2021SC@SDUSC
1. .dvd和.dvm文件
.dvm是存放了DocValue域的元数据,比如DocValue偏移量。
.dvd则存放了DocValue的数据。
在Solr4.8.0中,dvd以及dvm用到的Lucene编码格式是Lucene45DocValuesFormat。跟之前的文件格式类似,它分别包含Lucene45DocValuesProducer
和Lucene45DocValuesConsumer来实现该文件的读和写。
@Override
public DocValuesConsumer fieldsConsumer(SegmentWriteState state) throws IOException {
return new Lucene45DocValuesConsumer(state, DATA_CODEC, DATA_EXTENSION, META_CODEC, META_EXTENSION);
}
@Override
public DocValuesProducer fieldsProducer(SegmentReadState state) throws IOException {
return new Lucene45DocValuesProducer(state, DATA_CODEC, DATA_EXTENSION, META_CODEC, META_EXTENSION);
}
Lucene 4.5 DocValues format通过下面的策略对四种类型进行编码:
-
NUMERIC
- Delta-compressed(增量压缩):表示文档值的整数写入一个16k大小的block。在每个block中,最小的值被编码,每个入口都是最小值的一个增量。所有这些增量都使用位压缩方法。更多信息见下文BlockPackedWriter。

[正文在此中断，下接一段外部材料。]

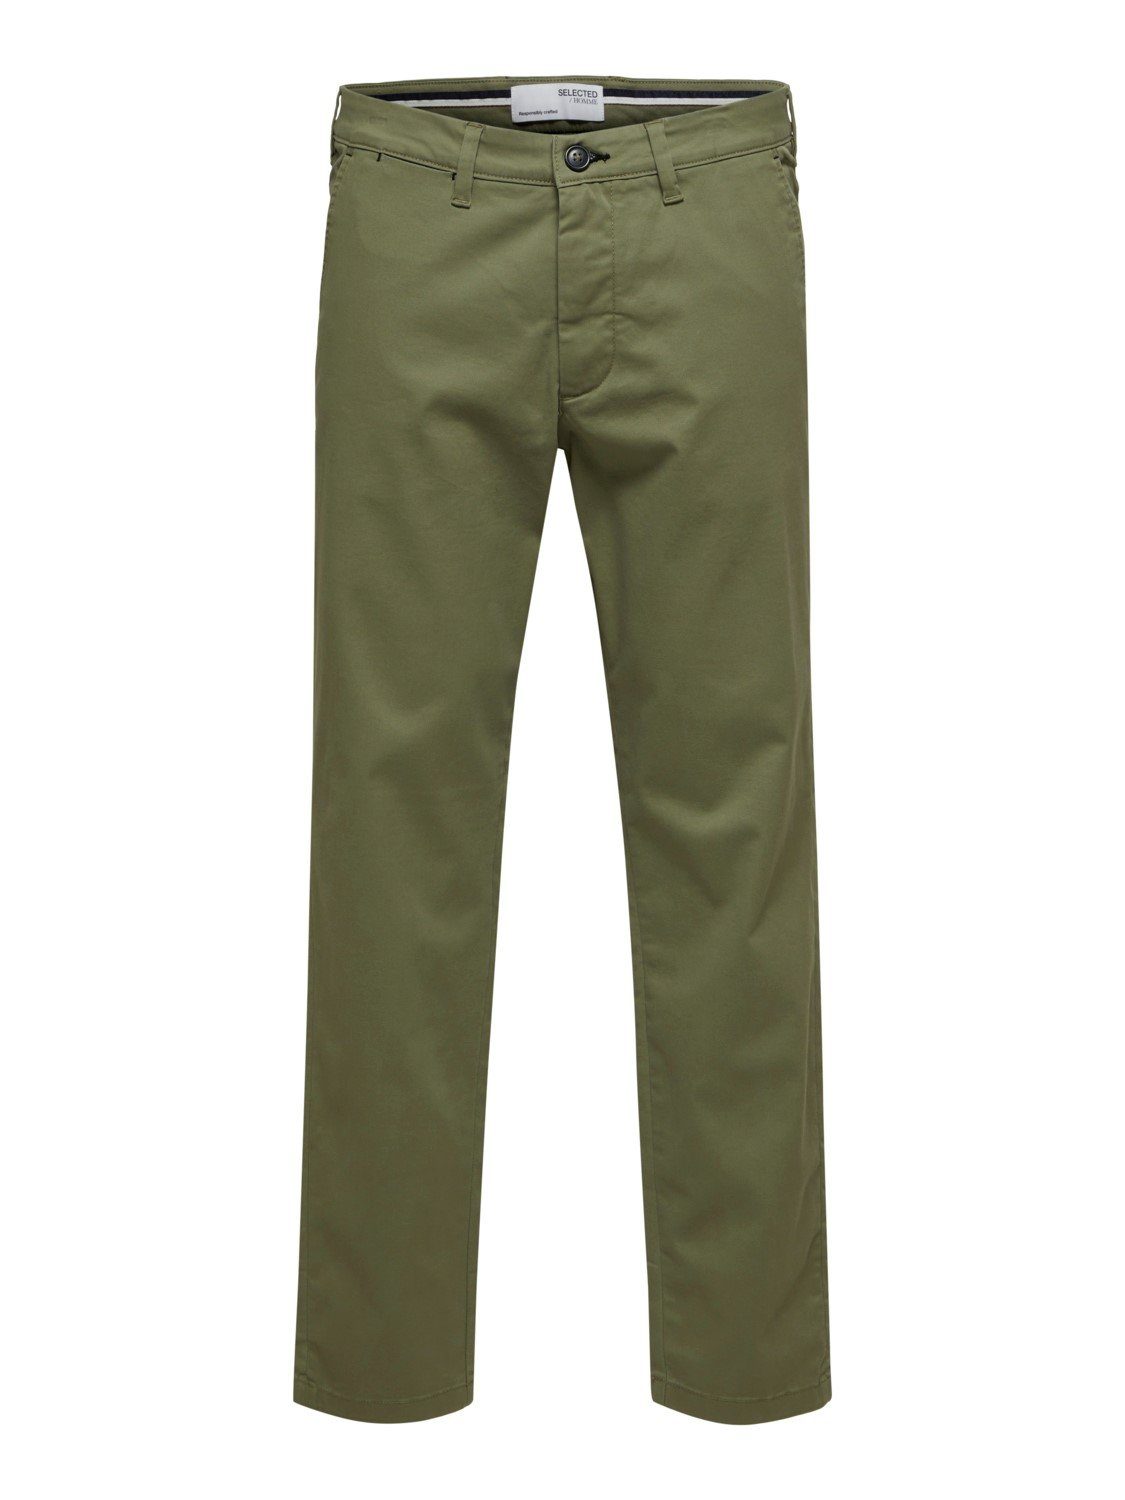 mit Lichen SELECTED Green Stretch 16074054 FLEX Deep MILES HOMME Chinohose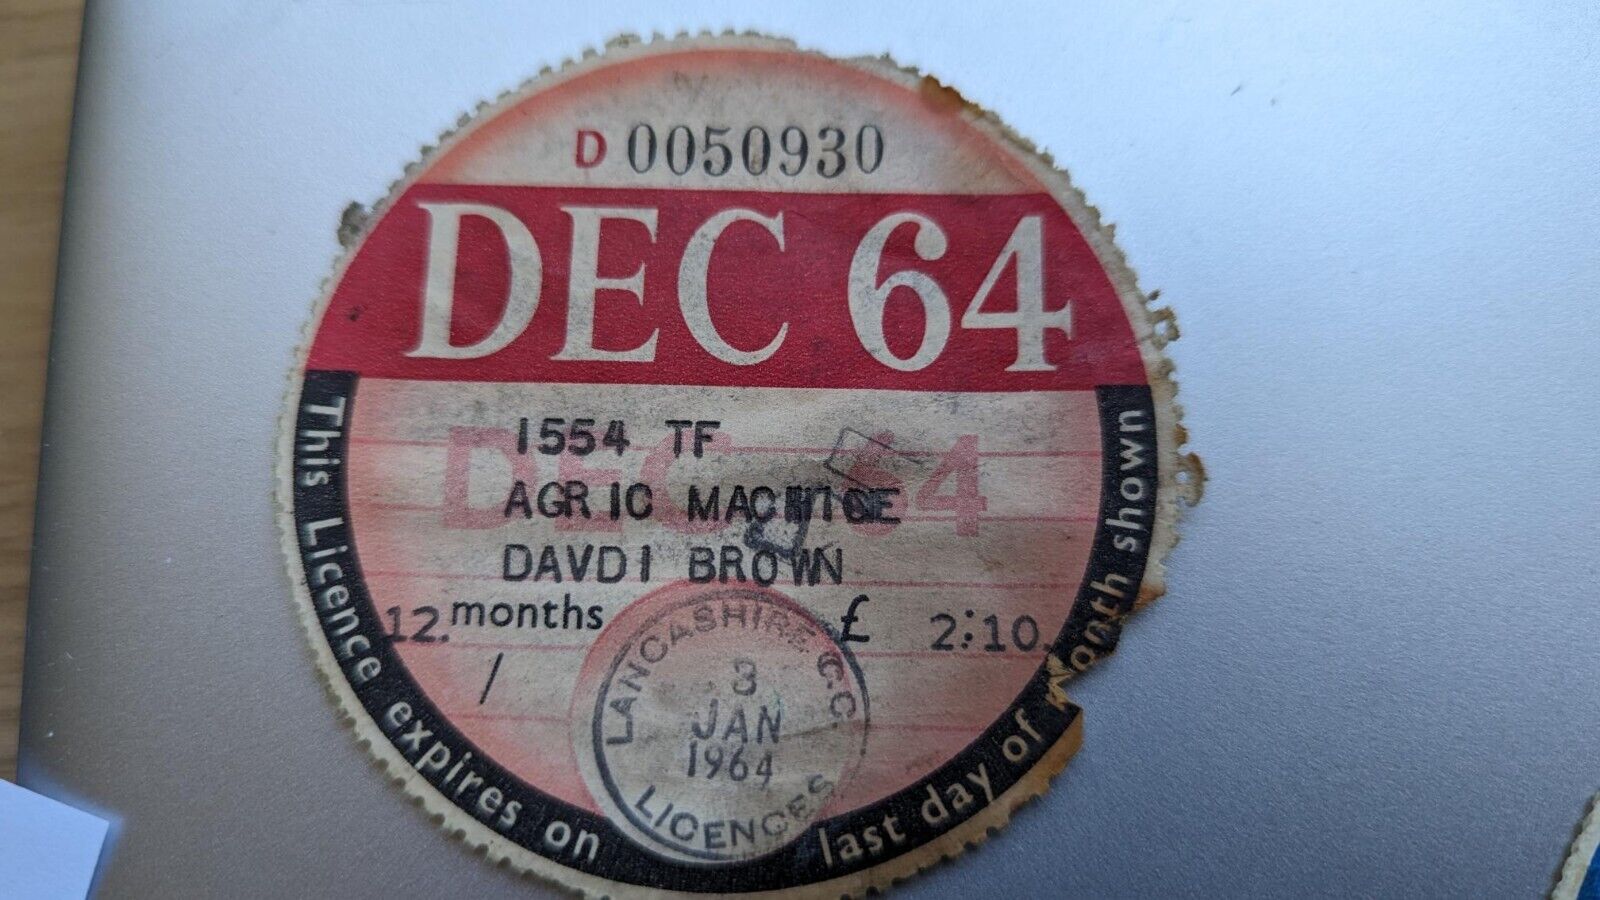 Rare Collectable old tax disc from DEC 64.......................................

- Table-compressed(表压缩):当不同数值的数量非常小(<256)时,或者在文档值序列中有没有使用gap值,solr会使用一个查找表替代。每一个文档值的入口都被替代为表上的序号,这些序号同样适用位压缩的方法压缩为PackedInts格式。
- GCD-compressed(最大公约数压缩):当所有数字分享同一个除数,最大共同分母(reatest common denominator,GCD) 会被计算出来,并且商会使用Delta-compressed 策略存储起来。
-
BINARY
- Fixed-width Binary:使用一个固定长度的,很大的拼接起来的位数组。每一个文档值都可以直接用docID * length 得到。
- Variable-width Binary:同样是一个很大的拼接起来的位数组,不过加入每篇文档的结束地址。这些地址从16k大小的块的起始位置被写入,并且每个入口具有平均长度的增量。对每篇文档,与增量之间的偏差(实际-平均)会记录下来。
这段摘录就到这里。